Ağrı, bir kişinin tehlikeyi zamanında fark etmesini ve ona tepki vermesini sağlayan en büyük evrimsel mekanizmadır. Ağrı reseptörleri, bilgiyi almaktan ve ardından ağrı merkezindeki beyne iletmekten sorumlu özel hücrelerdir. Bu sinir hücrelerinin nerede olduğu ve nasıl çalıştıkları hakkında daha fazla bilgiyi bu makalede okuyabilirsiniz.

Ağrı

Ağrı, nöronlar tarafından beynimize iletilen hoş olmayan bir histir. Rahatsızlık bir nedenle ortaya çıkar: vücutta gerçek veya olası bir hasarı işaret eder. Örneğin, elinizi ateşe çok yaklaştırırsanız, sağlıklı adam hemen kaldırır. Bu, olası veya devam eden sorunları anında bildiren ve bizi bunları düzeltmek için her şeyi yapmaya zorlayan güçlü bir savunma mekanizmasıdır. Ağrı genellikle belirli bir yaralanma veya yaralanmanın göstergesidir, ancak aynı zamanda kronik ve güçten düşürücü de olabilir. Bazı insanlarda ağrı alıcıları aşırı duyarlıdır ve bunun sonucunda rahatsızlığa neden oldukları için herhangi bir dokunma korkusu geliştirirler.
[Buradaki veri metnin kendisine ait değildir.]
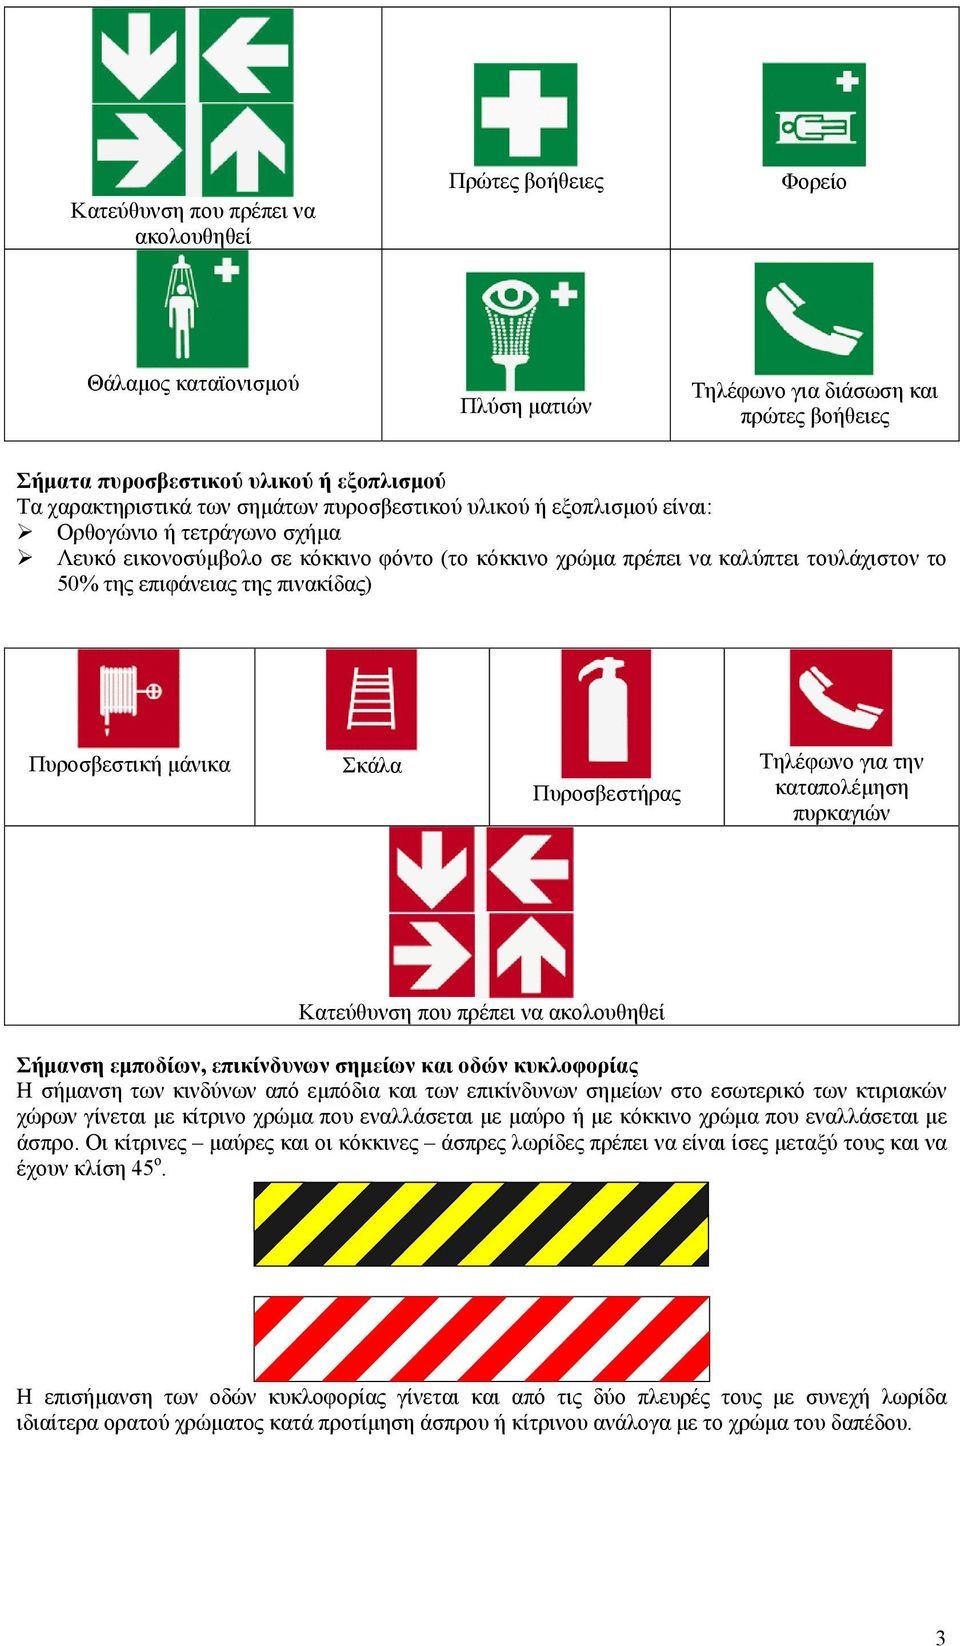 Πυροσβεστική µάνικα Σκάλα Πυροσβεστήρας Τηλέφωνο για την καταπολέµηση πυρκαγιών Κατεύθυνση που πρέπει να ακολουθηθεί Σήµανση εµποδίων, επικίνδυνων σηµείων και οδών κυκλοφορίας Η σήµανση των κινδύνων

Nosiseptörlerin sağlıklı bir vücuttaki etki prensibini bilmek, ağrı sendromunun neyle ilişkili olduğunu, nasıl tedavi edileceğini ve ayrıca hangi sebeplerin nöronların aşırı duyarlılığına neden olduğunu anlamak için gereklidir. Dünya Sağlık Örgütü artık hiçbir insanın herhangi bir acıya dayanmaması gerektiğini kabul etti. Piyasada tamamen durdurabilen veya önemli ölçüde azaltabilen birçok ilaç var. ağrı kanser hastalarında bile.

Ağrı neden gereklidir?

Çoğu zaman, ağrı yaralanma veya hastalık nedeniyle oluşur. Örneğin sivri bir nesneye dokunduğumuzda vücutta ne olur? Bu sırada cildimizin yüzeyinde bulunan reseptörler aşırı uyarıyı tanır. Henüz acı hissetmiyoruz, bununla ilgili sinyal zaten sinapslardan beyne gidiyor. Mesajı aldıktan sonra beyin harekete geçme sinyali verir ve biz de elimizi çekeriz. Tüm bu karmaşık mekanizma, kelimenin tam anlamıyla saniyenin binde biri kadar sürer, çünkü bir kişinin hayatı, reaksiyonun hızına bağlıdır.

Saç çizgisindeki ağrı reseptörleri kelimenin tam anlamıyla her yerde bulunur ve bu da cildin en ufak bir rahatsızlığa karşı aşırı hassas ve hassas kalmasını sağlar. Nosiseptörler, duyuların yoğunluğuna, sıcaklık artışına ve ayrıca çeşitli kimyasal değişikliklere cevap verebilir. Bu nedenle, "ağrı sadece kafanızdadır" ifadesi doğrudur, çünkü onu oluşturan beyindir. rahatsızlık kişinin tehlikeden kaçmasına neden olur.

Nosiseptörler

Ağrı reseptörü özel bir tiptir. sinir hücreleri Daha sonra merkezi sinir sistemine iletilen çeşitli uyarılar hakkında sinyalleri almaktan ve iletmekten sorumludur. Reseptörler, sinirler, omurilik boyunca büyük bir hızla hareket eden ve ağrı merkezindeki insanın ana "bilgisayarına" giden nörotransmiterler adı verilen kimyasalları serbest bırakır. Tüm sinyalleme sürecine nosisepsiyon denir ve bilinen dokuların çoğunda bulunan ağrı reseptörlerine nosiseptörler denir.

Nosiseptörlerin etki mekanizması

Beyindeki ağrı reseptörleri nasıl çalışır? İç veya dış bir tür uyarıma tepki olarak aktive edilirler. Dış uyarıya bir örnek, yanlışlıkla parmağınızla dokunduğunuz keskin bir iğnedir. İç stimülasyon, örneğin osteokondroz veya omurganın eğriliği gibi iç organlarda veya kemiklerde bulunan nosiseptörlerden kaynaklanabilir.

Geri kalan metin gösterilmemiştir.